How important is empathy in the world today? Take a look at the “bad news” headlines on any newspaper or online news source. You see murders, civil conflict within countries, drug arrests, ugly celebrity divorces, and more. It’s not realistic to think that the world will ever be without problems. However, an individual person’s natural struggle between being self absorbed and being empathetic can make a huge difference.
In a perfect world, humans would be programmed to be empathetic during certain conditions. Or, people could flip a “manual empathy” switch if the automatic system wasn’t functioning. Unfortunately, it doesn’t work this way. Empathy, like all character traits, must be experienced to be learned. It is important not only to show empathy to others, but to have empathy shown to you. Being on the receiving end is very important. In order to understand why you would do it to others, you need to experience the benefits yourself.
So what does this have to do with your kids? Your little ones learn from you as the parents and each other as peers. There are millions of moments every day when your kids decide to be selfish or empathetic. Every teaching opportunity you have is golden.
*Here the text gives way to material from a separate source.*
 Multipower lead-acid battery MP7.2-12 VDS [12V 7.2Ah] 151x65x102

It layers their learning experiences in a way that deeply develops their personal character. The mind is far more flexible as a youth than it is as an adult. A person who develops good character throughout childhood will likely have solid character as an adult. However, if a person develops many self centered patterns and attitudes into adulthood, it is very difficult to teach empathy at that point.
Think of some common regular opportunities where your kids would struggle with empathy and self-focus. Some examples could include the following: one sick sibling needing more attention, getting chores done in a timely manner, sharing toys, someone being bullied in front of them, having new kids in their school classroom, birthday parties. You may come up with some other situations, but this list can give you some starter ideas.
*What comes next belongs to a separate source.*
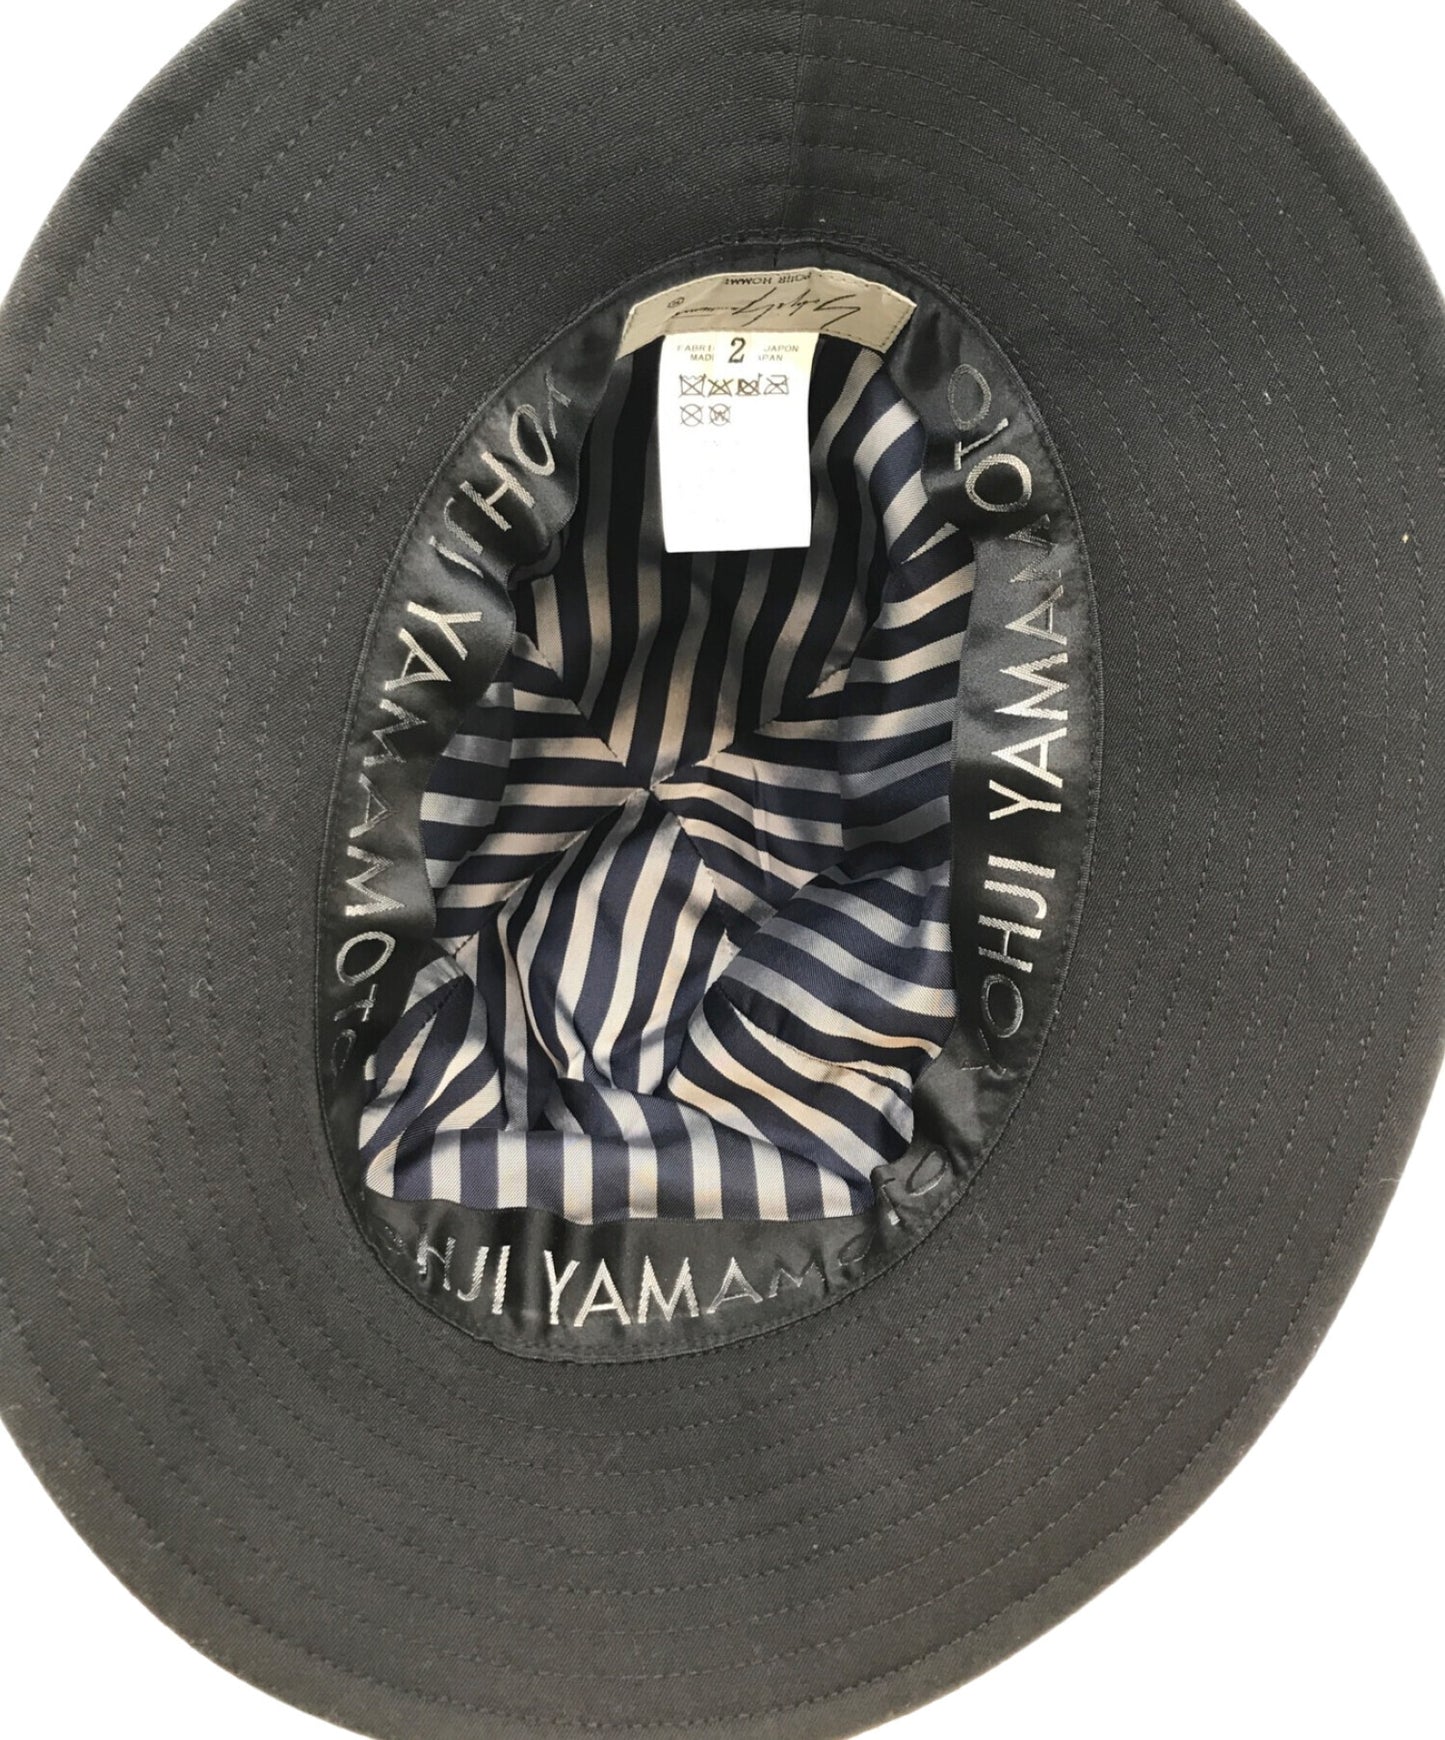 Yohji Yamamoto皺紋Gabardine Fedora Hat HR-H09-100

The struggle between empathy and selfishness often shows itself as conflict. Conflicts are observed every day by parents! Since they are predictable, you can come up with a few simple ways to introduce empathy into those situations. For example, when one child is sick, dress up your other kids as doctors or nurses. They will have fun with their imagination, but they will also be truly helpful to their sibling. If this isn’t possible because of contagiousness, have them do the sick child’s chores or clean the sick child’s room. This can emphasize a “family team” attitude, and they can count on similar help when they are sick.
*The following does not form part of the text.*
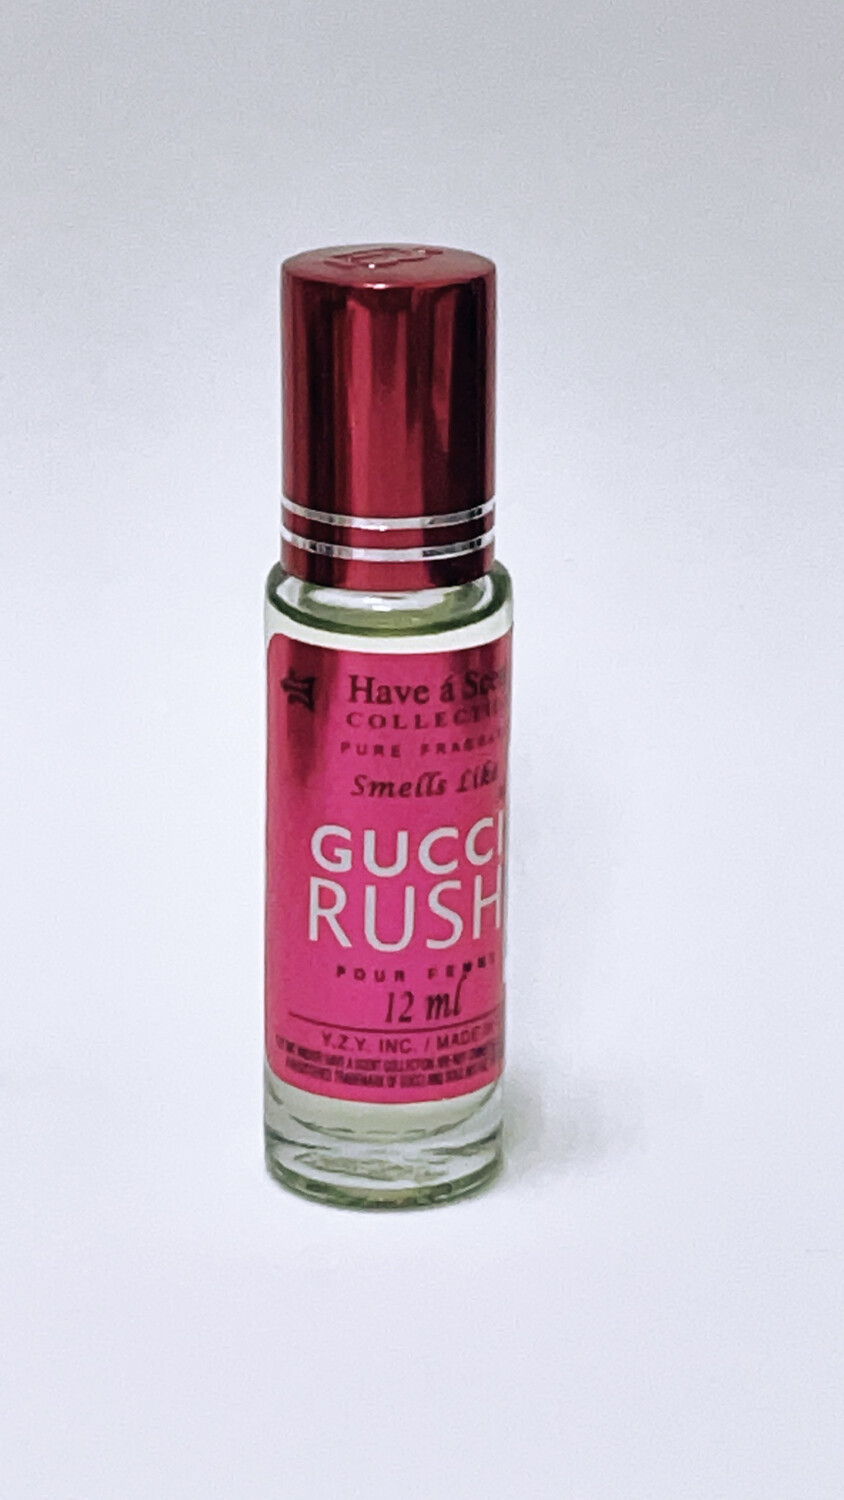 gucci rush perfume shop

Another idea is to have a “share or lose it” kind of policy if your kids are fighting over toys. They must learn to think of their siblings wants along with their own, or nobody gets the toy. Another idea could be picking a charity or local volunteer organization. When you regularly donate items or time to these groups, remind your children about why you are doing it. They may only be thinking of what they are losing at first. But when you plant the seed about others being in more need than you, they can get a good feeling from the experience. They can learn to value of being helpful to others rather than having all the goodies to themselves.
For situations like bullying or meeting new kids, you can have them act out different situations with each other. They may giggle at first, but even a little bit of practice can help them reach out to someone needing a helping hand. Showing gratitude on a daily basis is also very useful for teaching empathy. You can talk about times when others have been empathetic and helpful to your family. This reinforces the experience of being on the “other side” of empathy.
Teaching character traits can seem like a difficult process. However, when you break it down into daily experiences it is really quite simple. Focusing on empathy can certainly make you a more empathetic role model as well.